What prevents an electron from flying off from an atom and what prevents an electron from trying to reach singularity with an atom?
2007-09-29 22:22:34 · 5 answers · asked by Anonymous in Science & Mathematics ➔ Physics
"It's attracted by the elecromagnetic force of the protons, which is caused by their positive charge. The electron is negative.
The electron has energy, so it moves. If you could freeze it to 0 degrees kelvin, then all motion would stop."
What stops the attraction from making the electron reach singularity?
2007-09-29 22:36:39 · update #1
What stops the attraction from making the electron reach singularity with the atom?
2007-09-29 22:37:06 · update #2
Electrons around a atom are in specific "orbitals". These are not orbits like planets around a sun; they are more like cloud shapes around the atomic nucleus. To change from one orbital to another takes energy. To fly off from the atom takes energy. Most electrons just don't have enough energy to do this.
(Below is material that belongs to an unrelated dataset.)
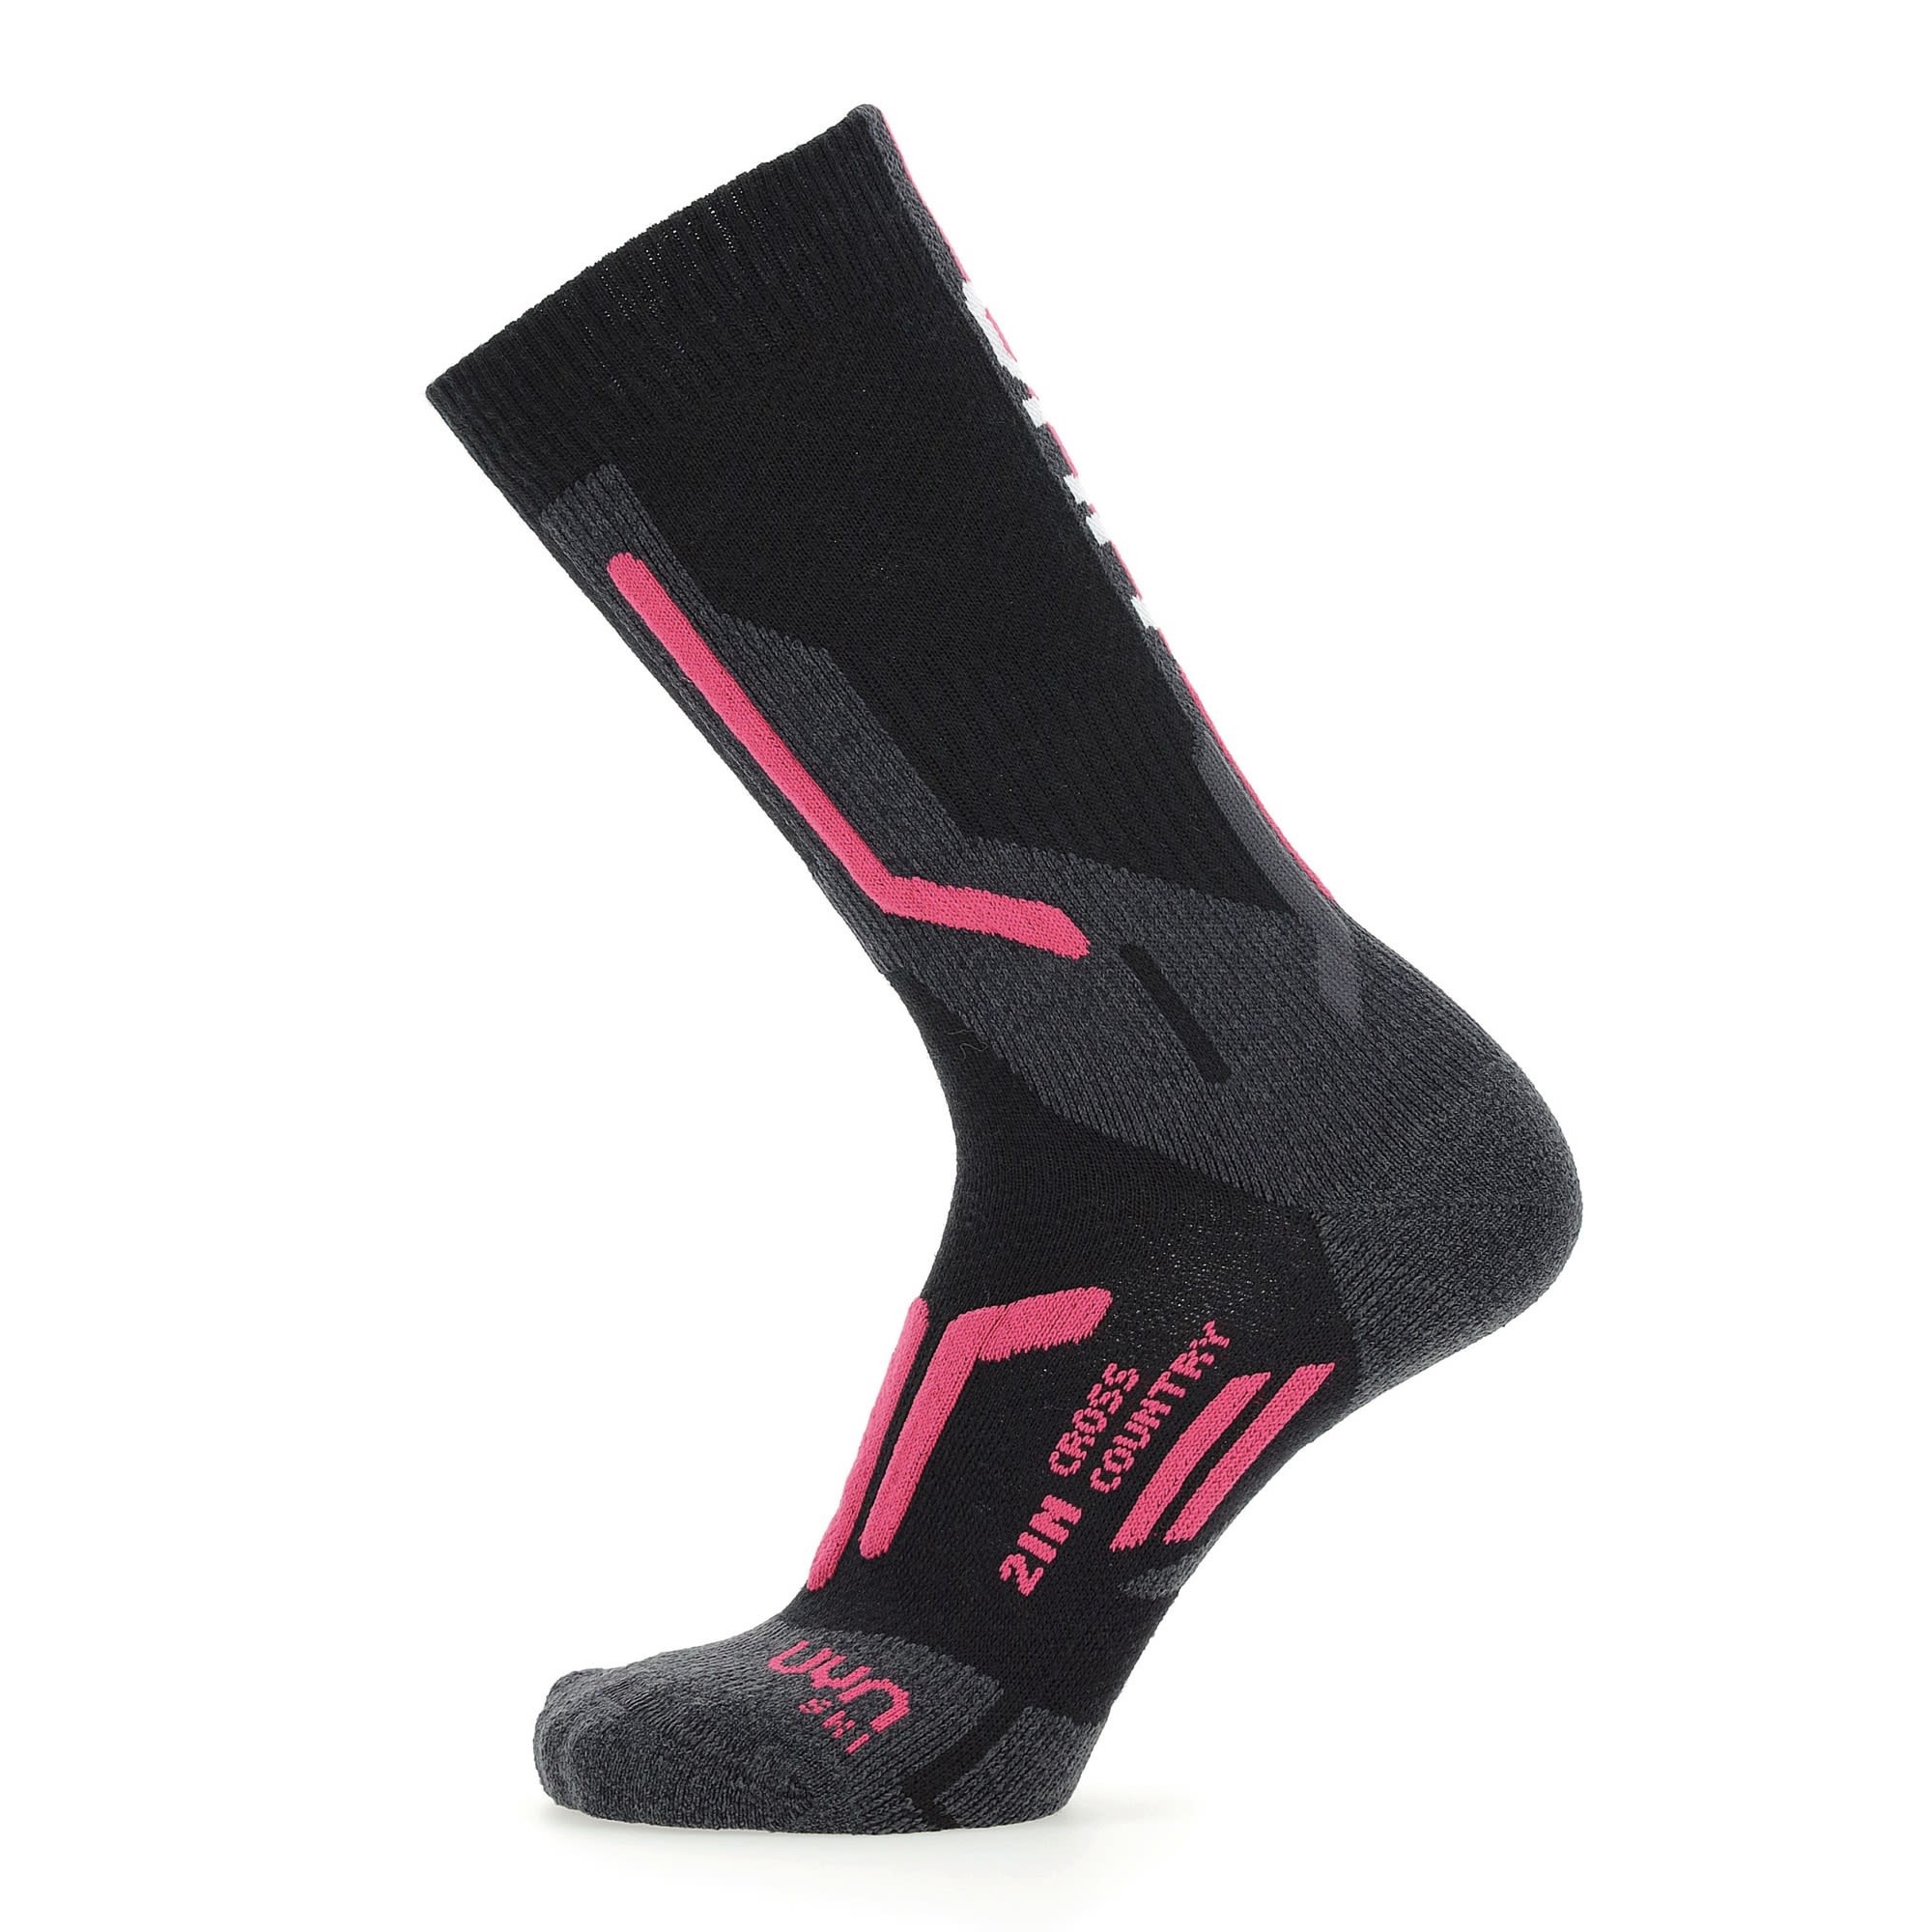 Uyn Wärmeregulierende schnelltrocknende Damen Langlaufsocken Black - Pink

The lowest orbital is called 1s, then there is 2s, 2p, etc. (See the link). A magical force, called quantum mechanics (QM), keeps electrons from getting any lower -- any closer to the atomic nucleus. QM also keeps electrons from being between orbitals. Instead, electrons "jump" (really, it is instantaneous teleportation) from one orbital to the next..
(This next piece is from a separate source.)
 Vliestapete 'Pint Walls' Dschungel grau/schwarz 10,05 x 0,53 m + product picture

QM follows certain physical laws, but they are very complicated mathematically.
2007-09-29 22:51:01 · answer #1 · answered by morningfoxnorth 6 · 0⤊ 1⤋
The Electric force prevents the electron from flying away. It also attracts the electron directly to the nucleus. However, ,even the lowest allowed orbital does not come anywhere near the nucleus.
This is different when you put a muon in orbit instead of an electron. The muon is exactly the same as an electron, except that it is much heavier. The lower energy states of muonium are finite within the nucleus, and so there is some possibility of finding it there.
2007-09-30 07:25:51 · answer #2 · answered by ZikZak 6 · 1⤊ 0⤋
Electrons can only stay in their orbitals when the frequency of the electron wave constructively interferes. That's why electron orbitals are specific sizes and why photos that bump electrons from one orbital to another are a specific frequency; the electron has to absorb exactly the right amount of energy for such a jump. Adding a large amount of energy can bump the electron completely free, which is the photoelectric effect. The energy required for that is the energy required to raise the electron to infinity with respect to the nucleus; it's analogous to the energy required to achieve escape velocity in a gravitational scenario.
2007-09-30 05:34:55 · answer #3 · answered by poorcocoboiboi 6 · 1⤊ 1⤋
Electrons do leave atoms, electric current flows when there is an excess of positivly charged electrons at one point and it has a path to equalize the number of positive and negative electrons.
2007-09-30 05:25:55 · answer #4 · answered by Anonymous · 1⤊ 1⤋
electrostatic gravity.
2007-09-30 05:55:58 · answer #5 · answered by goring 6 · 0⤊ 2⤋